##### DATA EXTRACT #####

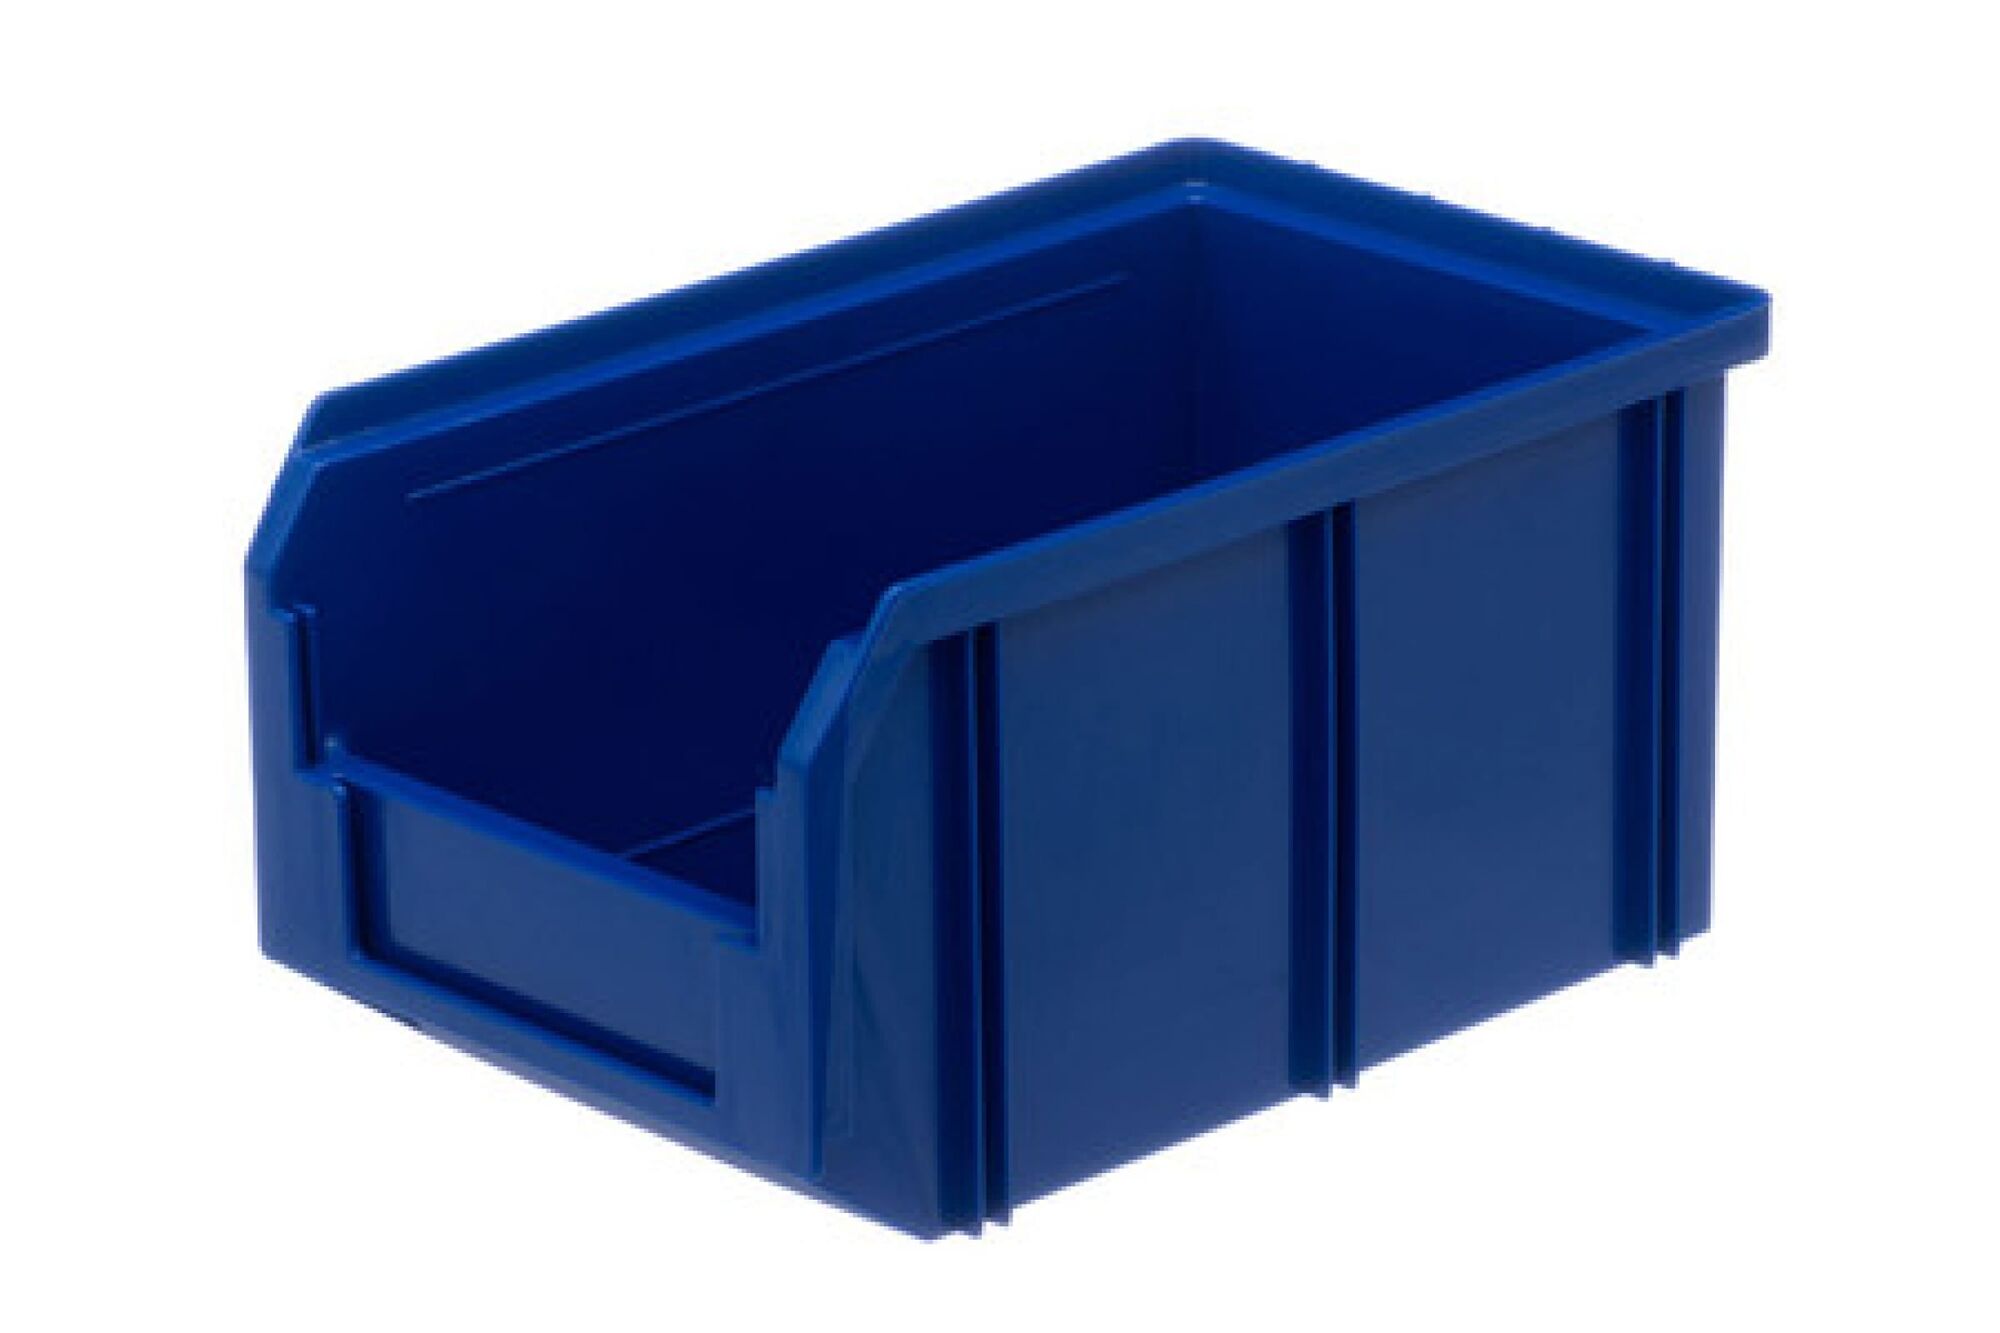 Лоток Стелла V-2 3,8 литр, синий Пластиковый 4623721402500
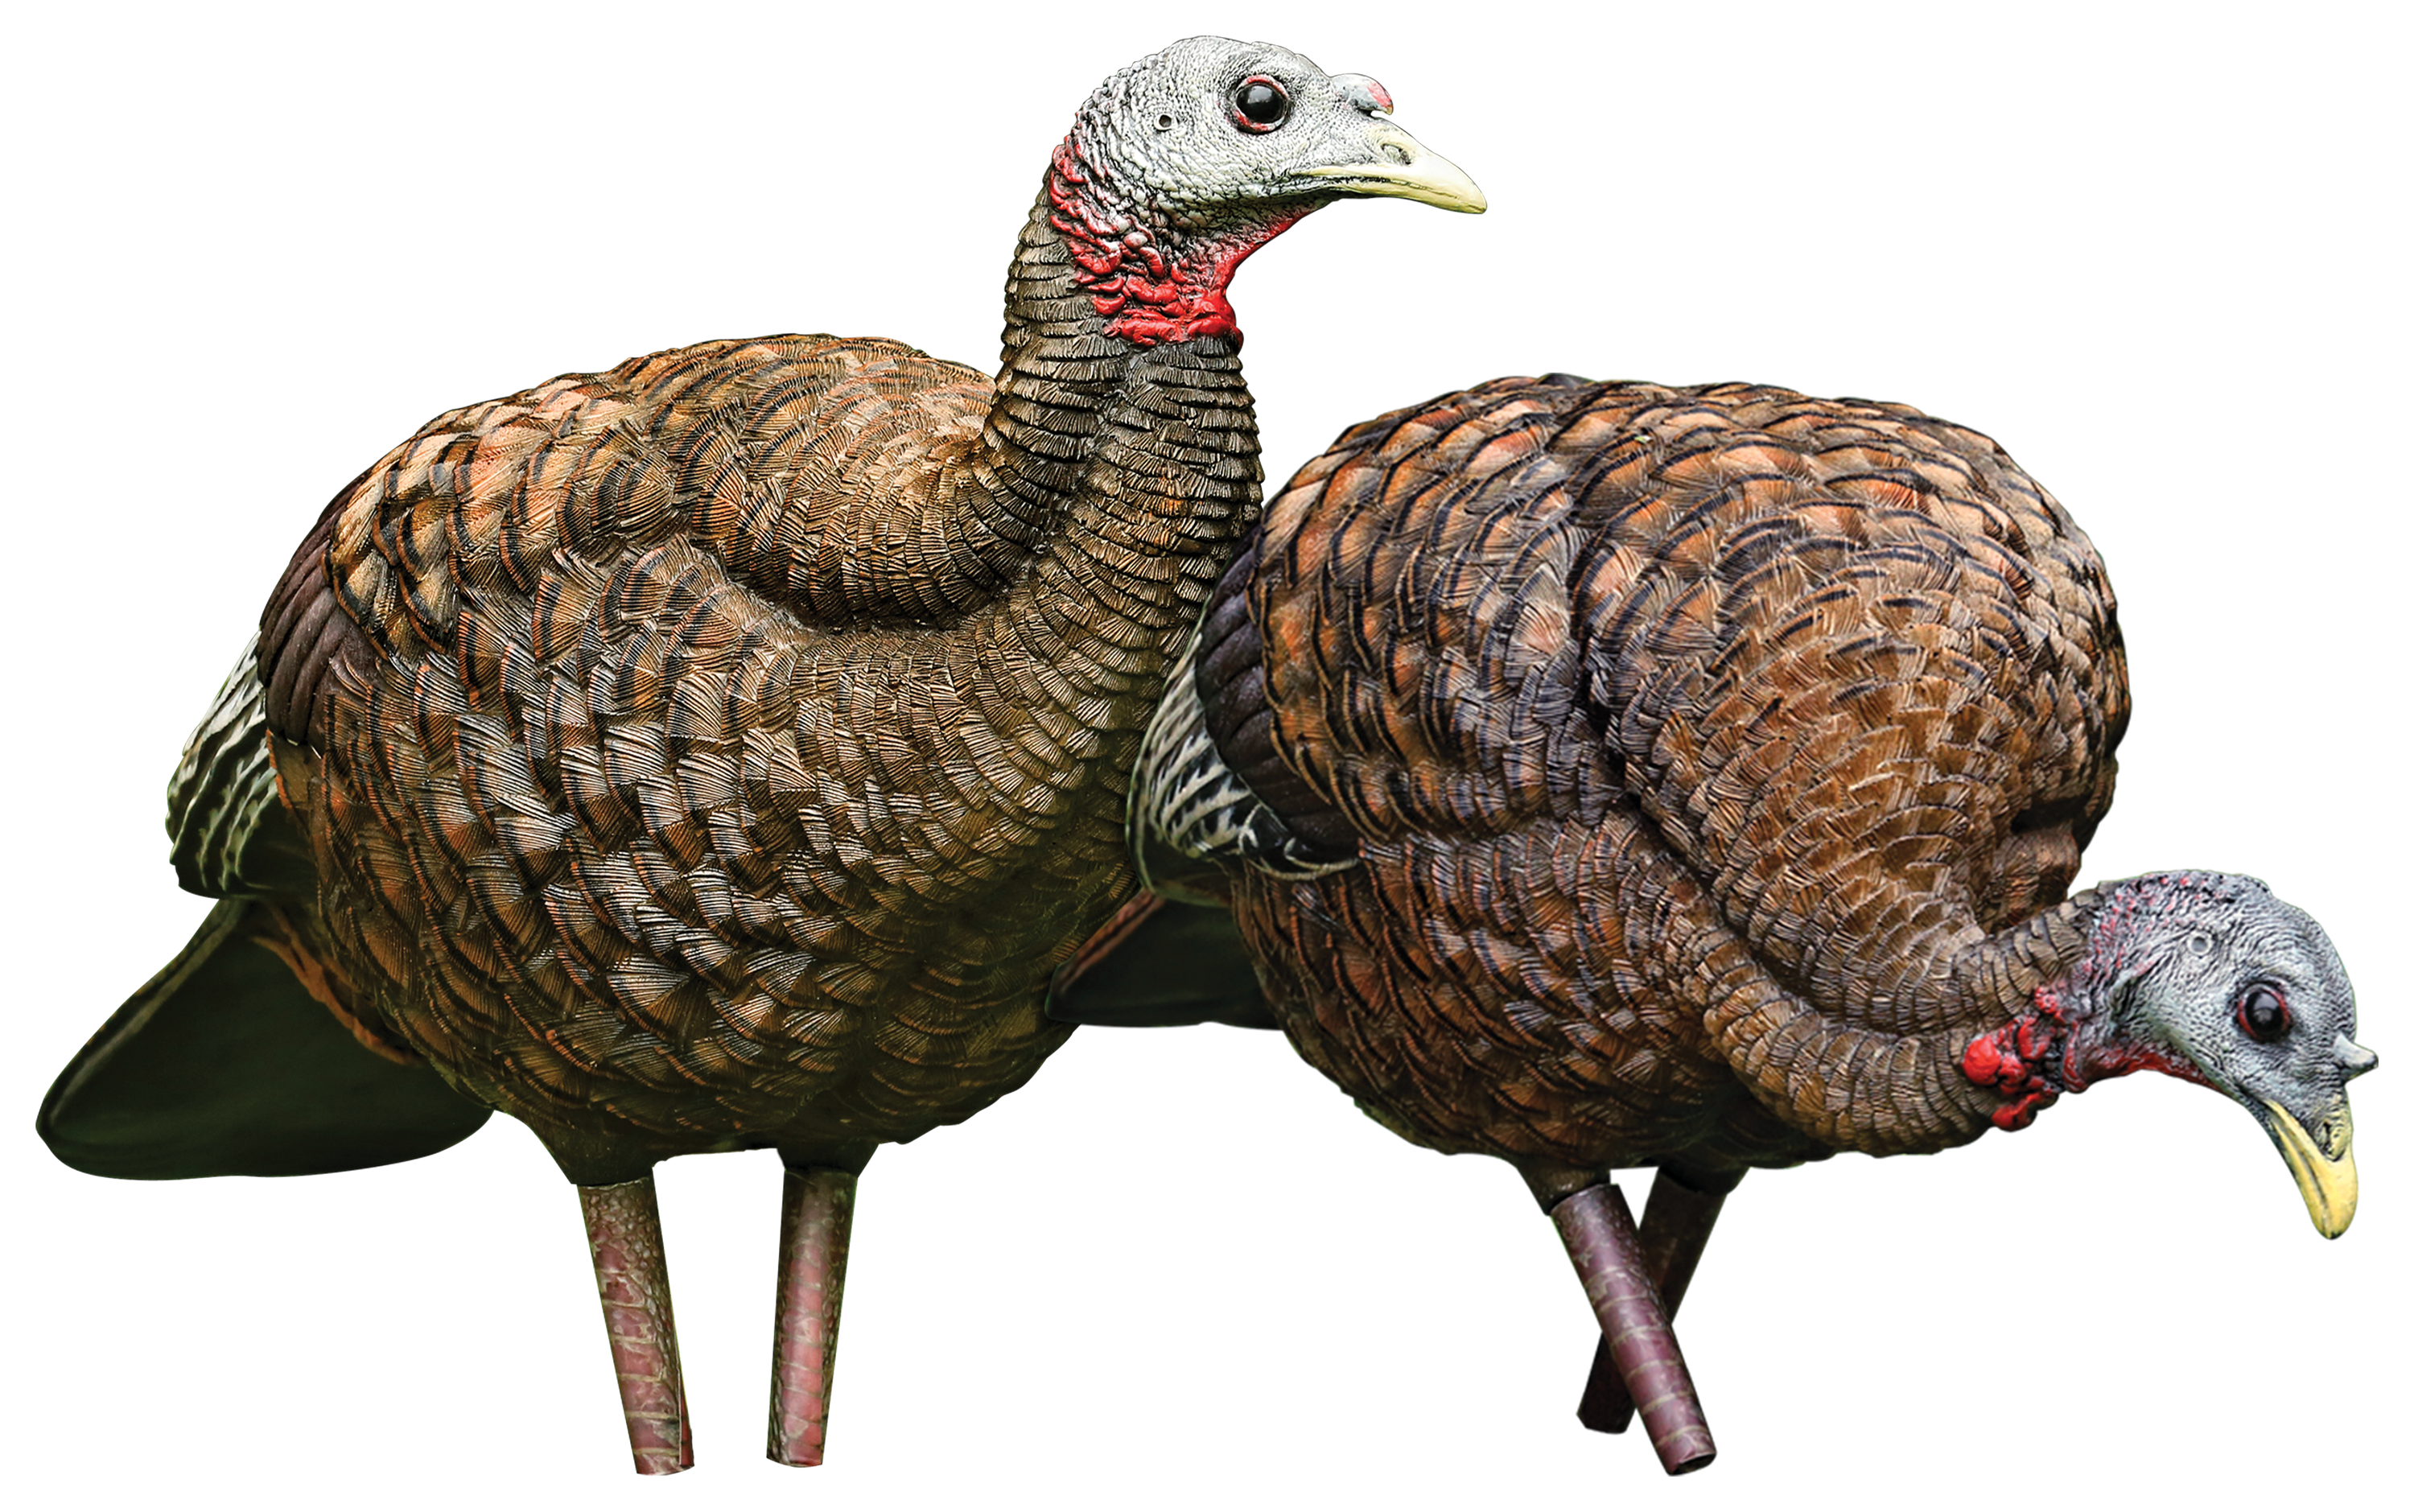 Avian-X Pair of Ladies LCD Breeder/Feeder Hen Turkey Decoy Combo
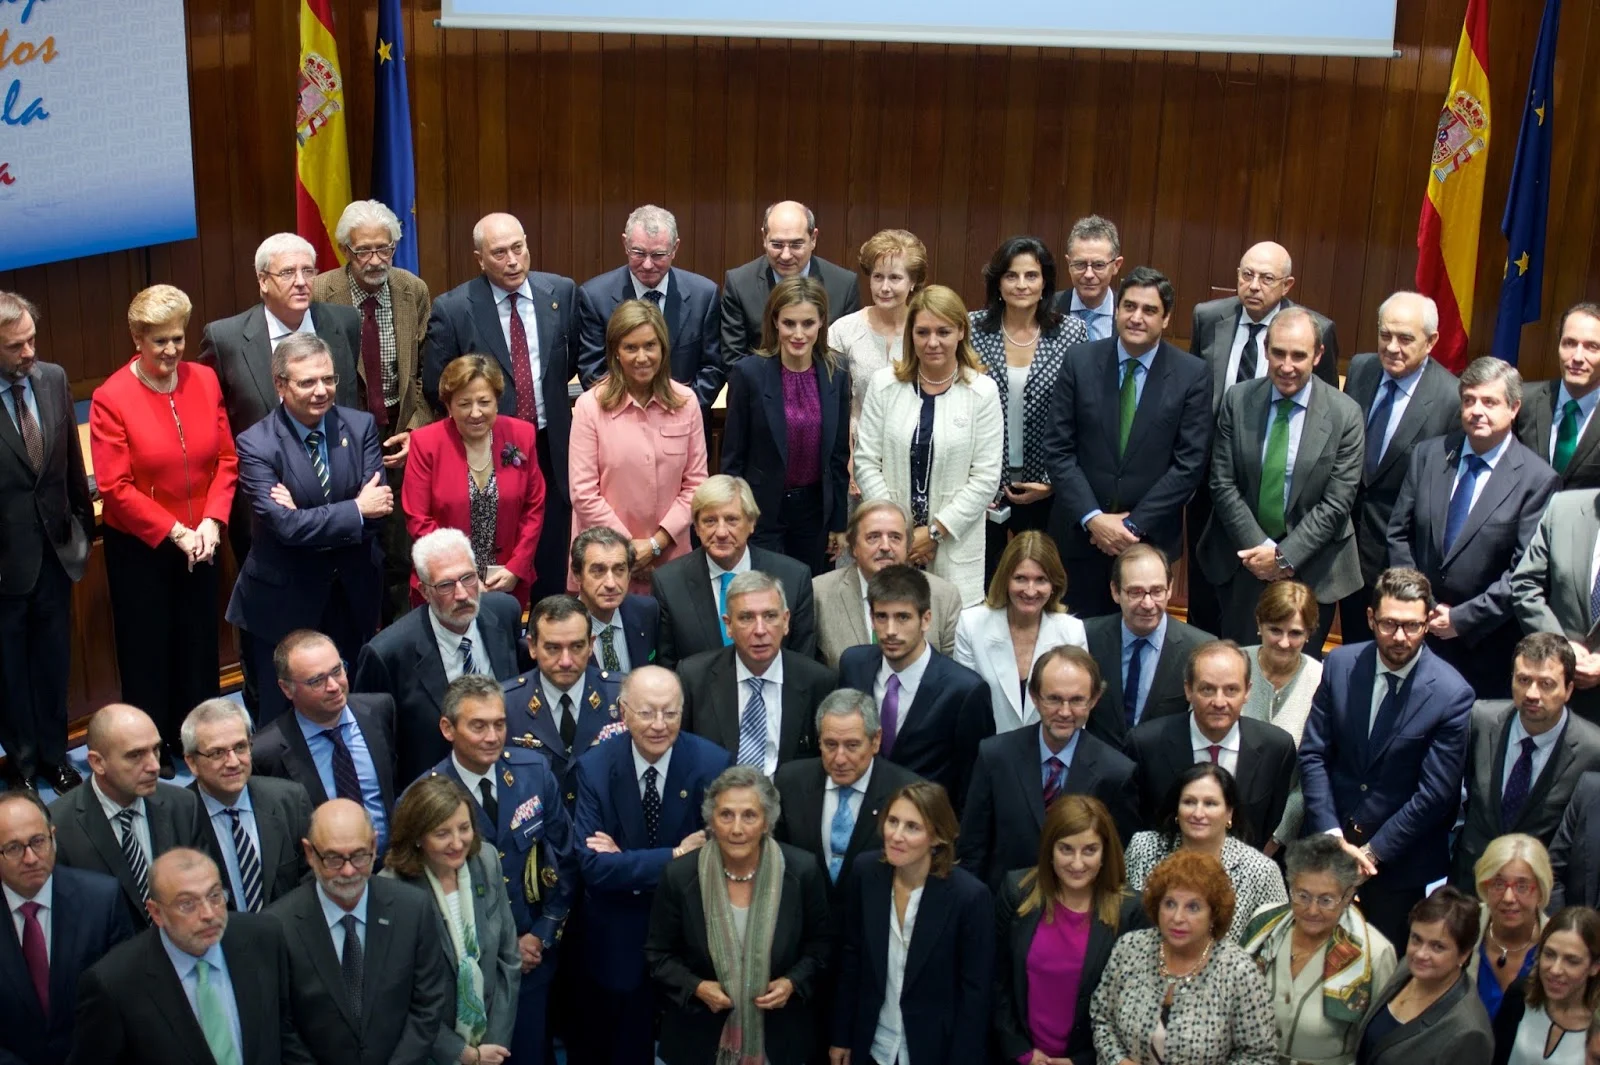 25th Anniversary Ceremony of the Spanish National Transplant

#####

> GOAL OF THE EXERCISE: Apart from the images, please copy every line of the data exactly as written.

> WRITTEN ANSWER:
 Лоток Стелла V-2 3,8 литр, синий Пластиковый 4623721402500
 Avian-X Pair of Ladies LCD Breeder/Feeder Hen Turkey Decoy Combo
 25th Anniversary Ceremony of the Spanish National Transplant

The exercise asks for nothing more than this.